■ **What is required**
Please give back word for word the lines of the material below between the line containing "Nova Silver and Diamond Ring by Corey Egan" and the line containing "World Wide Walls: Doha - Qatar Museums", inclusive.

■ **Entries supplied**

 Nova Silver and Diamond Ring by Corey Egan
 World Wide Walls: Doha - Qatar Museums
--
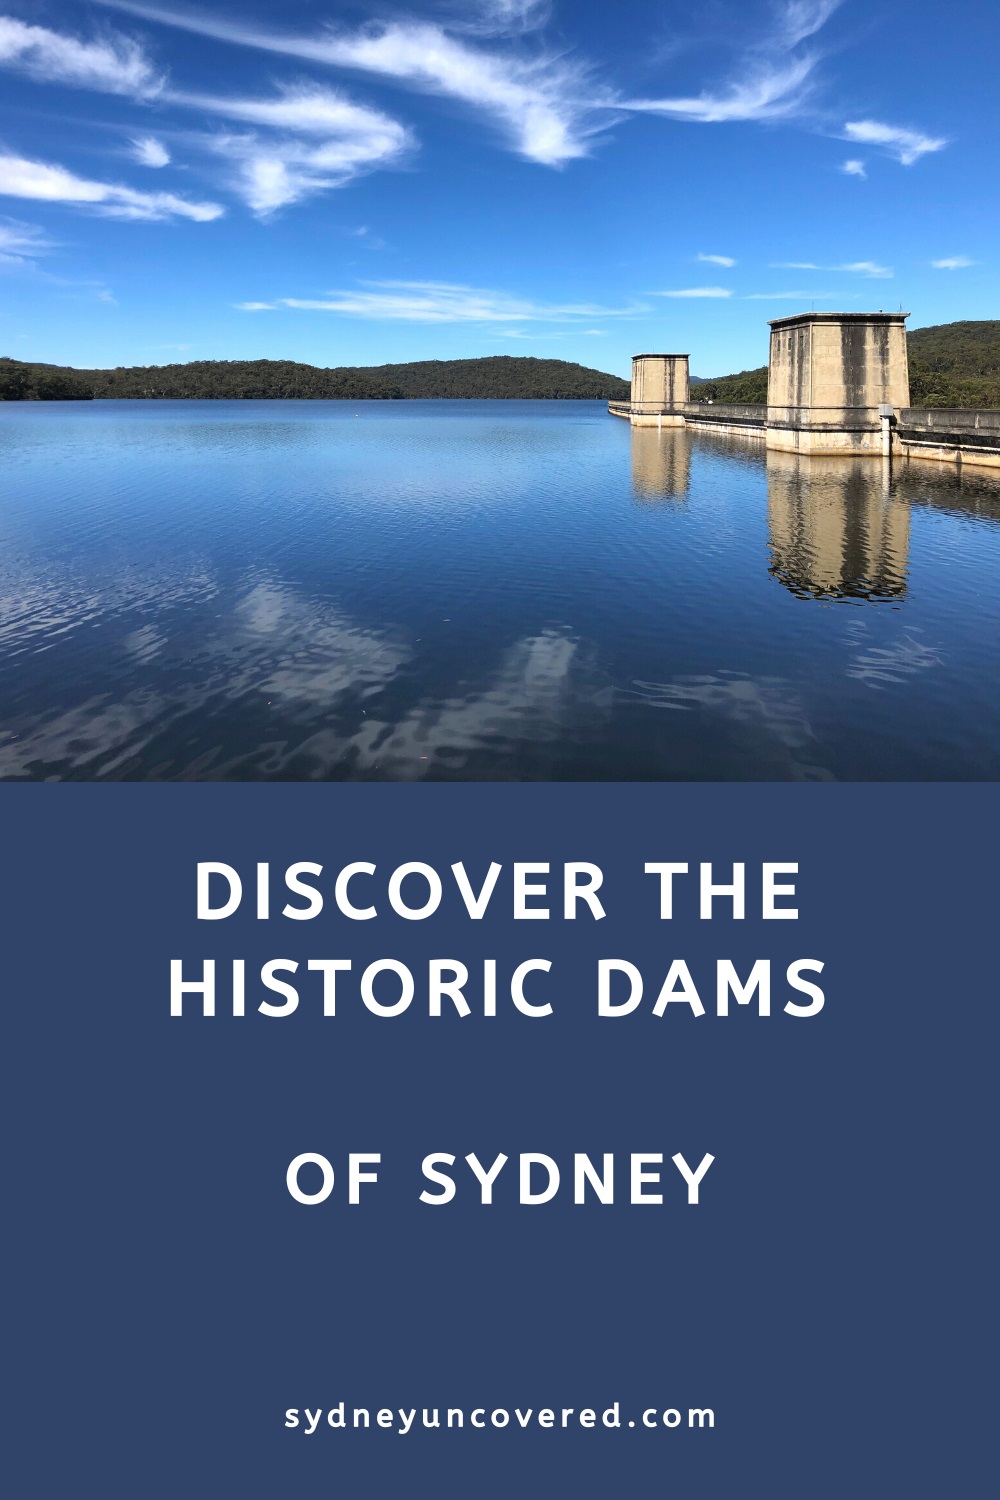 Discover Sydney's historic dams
--
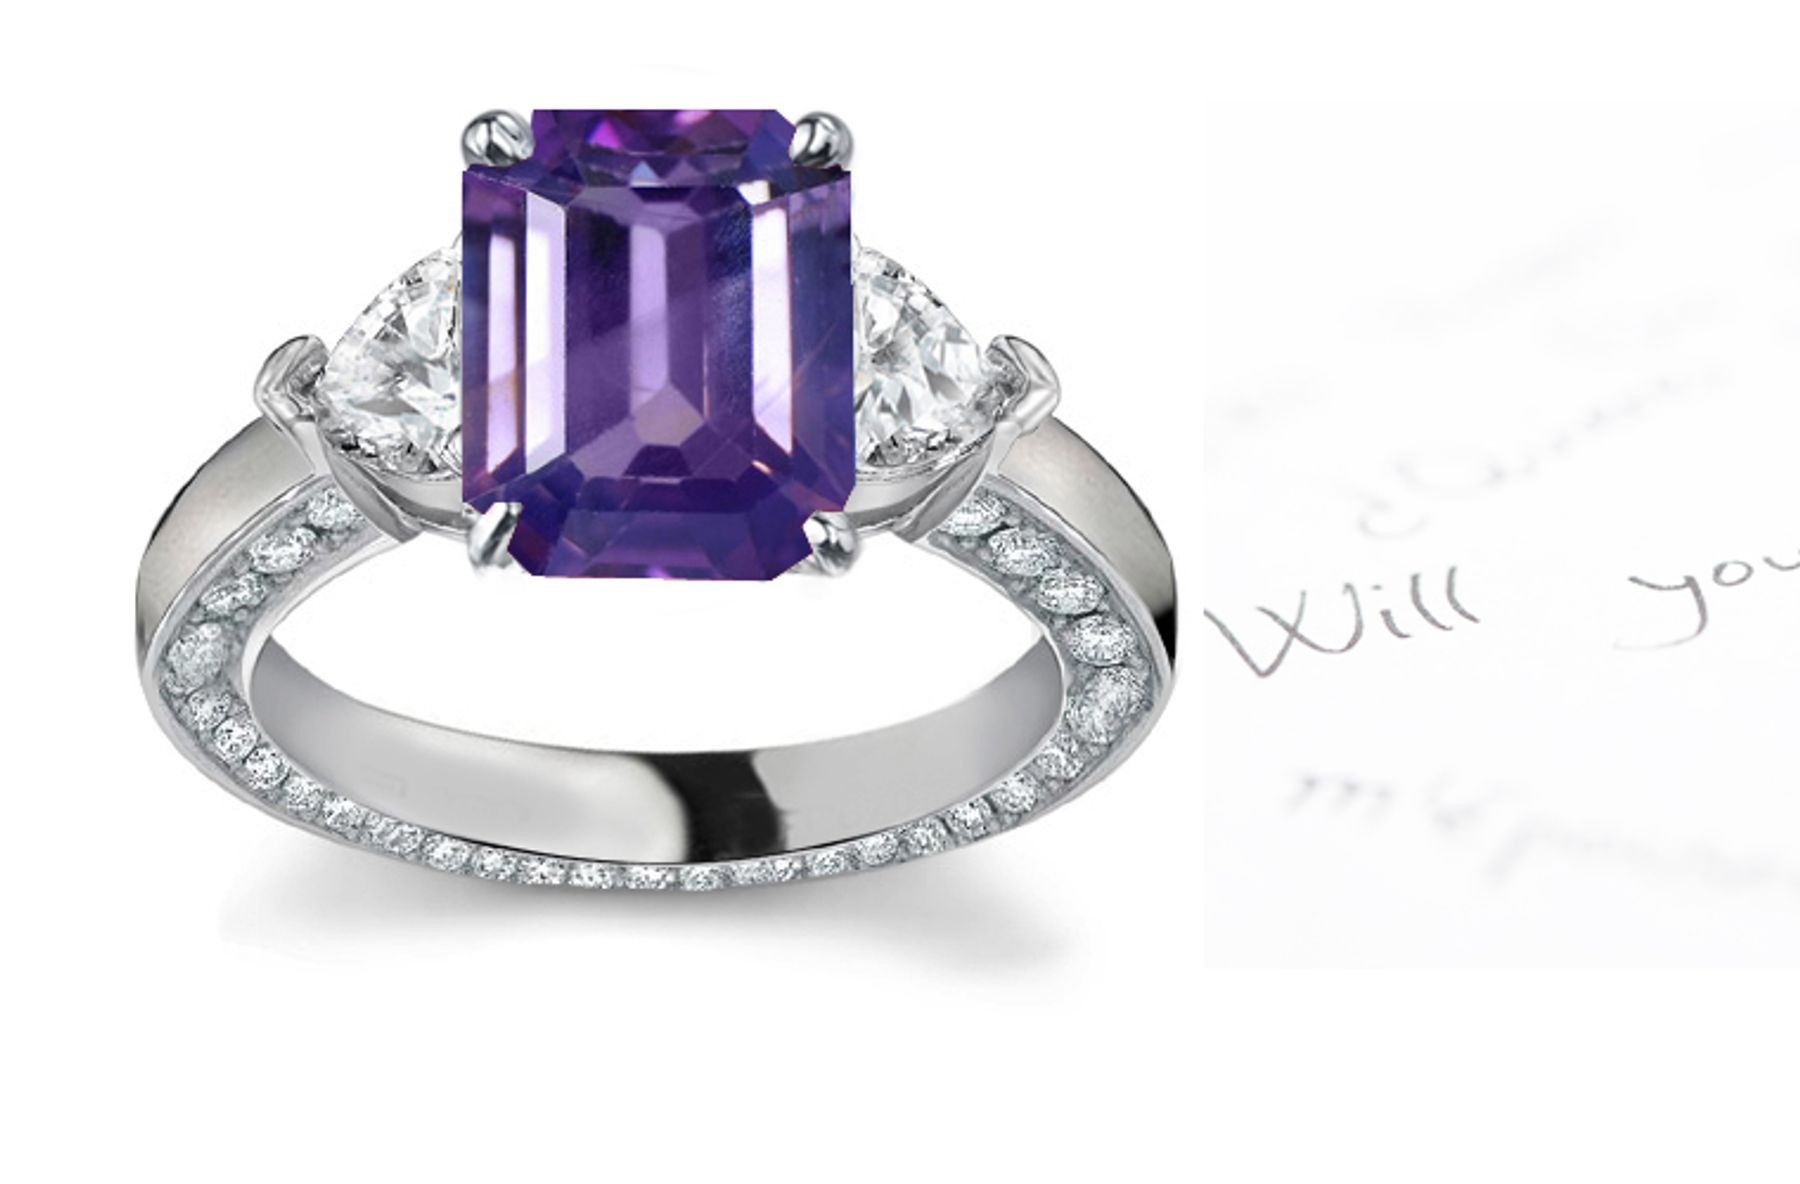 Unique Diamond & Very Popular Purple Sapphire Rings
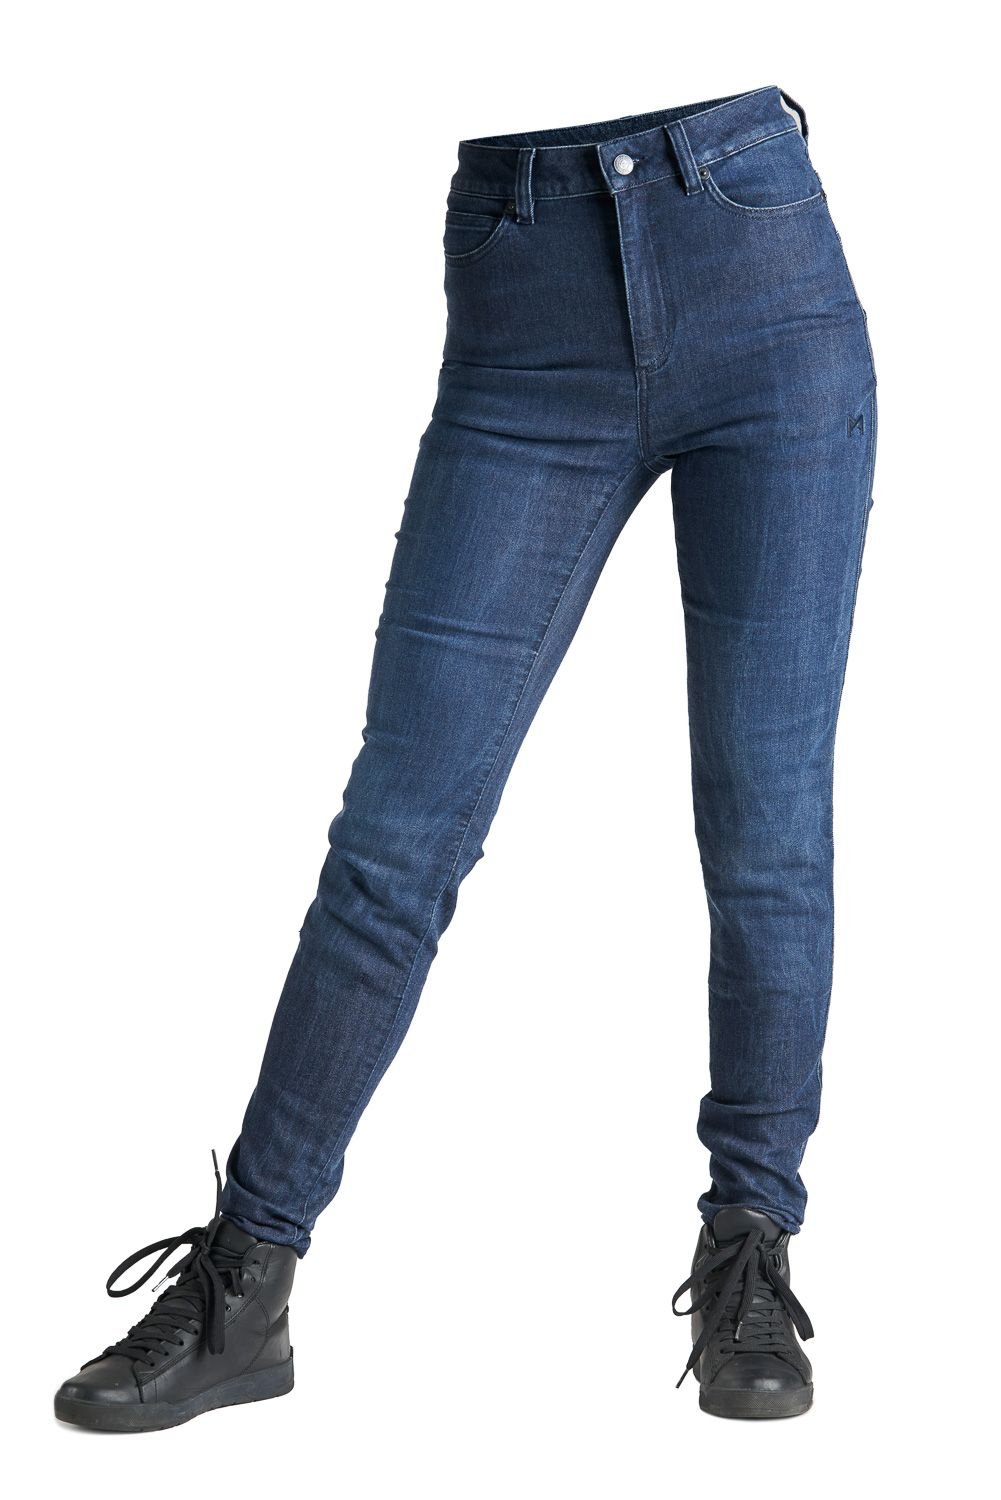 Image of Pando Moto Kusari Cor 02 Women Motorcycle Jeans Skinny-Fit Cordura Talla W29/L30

■ **Response area**
 Nova Silver and Diamond Ring by Corey Egan
 World Wide Walls: Doha - Qatar Museums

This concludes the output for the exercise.